To address this challenge, two strategies offer potential solutions. One approach involves collecting regular wellbeing data for the entire population in a census activity; however, this method is resource-intensive and time-consuming. An alternative approach involves leveraging existing routinely collected data to extrapolate GSS wellbeing measures to the broader population. This may be feasible due to New Zealand’s Integrated Data Infrastructure (IDI): a complex database managed by Stats NZ12. The IDI contains individual response data (microdata) on people and households, supplemented with anonymised information on education, income, health, justice, and housing. Notably, the IDI facilitates dataset linkage across these areas using a unique identifier variable. Details about this linking process are available elsewhere13. Crucially, the IDI houses the GSS data, allowing linkage with the country’s Census data which the majority of the nation’s population completes (given it is a legal requirement to do so).

The Census is a comprehensive nationwide survey conducted once every five years in New Zealand, with the primary aim of officially counting individuals and households in the country14. It also provides a snapshot of various aspects of life, including demographic information, educational qualifications, employment status, and more. Additionally, the Census gathers data on addresses for each household, which are then aggregated at the meshblock level for reporting purposes. A meshblock represents the smallest administrative geographical unit, typically encompassing about 30 to 60 households15. Environmental data, such as the extent of green spaces, are also available at the meshblock level and can therefore be linked to the Census data. One notable example is the Healthy Location Index, which captures accessibility to health-promoting elements (e.g., green spaces, physical activity facilities) and health-constraining elements (e.g., alcohol outlets, fast-food shops)16. The ability to link such key environmental information to the Census is crucial, given the established links between the environment and wellbeing17,18.

The aim of this study is to predict GSS-derived wellbeing measures from Census-based sociodemographic information and meshblock-level environmental indicators. It is important to note that, this study does not make causal claims or explore the determinants of subjective wellbeing; instead, it is purely predictive. If successful, such a predictive model could be used to extrapolate these predicted wellbeing scores to the entire IDI population, thereby creating a population-level estimate of subjective wellbeing. This could yield transformative benefits by facilitating the integration of wellbeing metrics into policy analysis. It also holds the potential to significantly enhance our understanding of how the political, social, and economic landscape impacts the wellbeing and overall functioning of individuals in New Zealand.
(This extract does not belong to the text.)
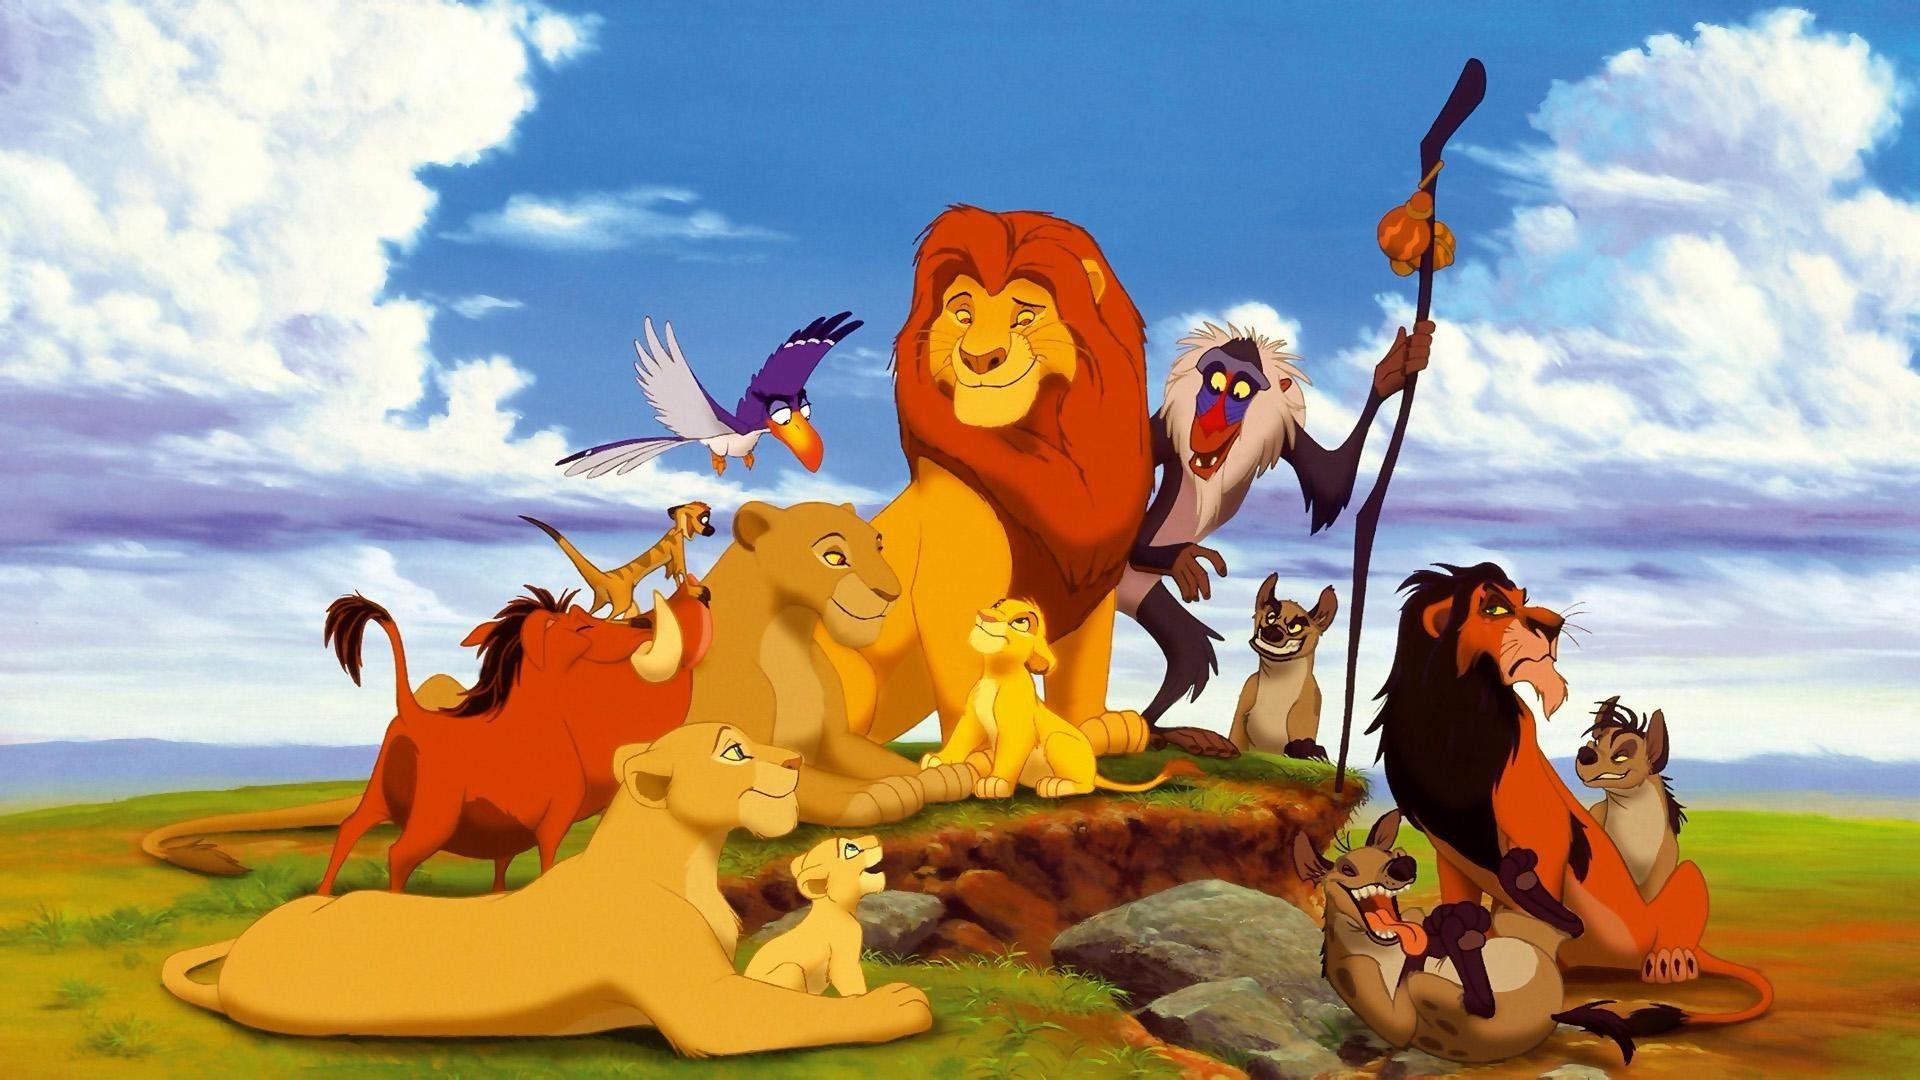 lion king images free download

This would further empower decision-makers to formulate more informed, targeted, and effective policies that address the genuine needs and concerns of New Zealanders.

Methods

Data sources

The data used in this study was sourced from three datasets: New Zealand General Social Survey (GSS)9, New Zealand Census of Population and Dwellings14, and the Healthy Location Index (HLI)19. Of these, two are present in the New Zealand Integrated Data Infrastructure (IDI), namely the GSS and the Census. All datasets within the IDI are structured as tables in an SQL database and can be linked with one another using the Stats NZ unique identifier variable20. All datasets within the IDI can be accessed only from a Stats NZ data laboratory. A formal application to access the IDI datasets, and the IDI data laboratory was submitted and approved by Stats NZ. The methodology used in this research was approved by the AUT University Ethics Committee (AUTEC #21/115).

The study utilized GSS data during the 2018 year, with a sample size of 8,793. More information regarding the GSS and its data collection methodology can be found elsewhere21,22. The wellbeing outcome variables, unique identifier variable (snz_uid) and the meshblock_code variable were selected from the GSS. The subjective wellbeing outcome variables investigated in this study are listed in Table 1.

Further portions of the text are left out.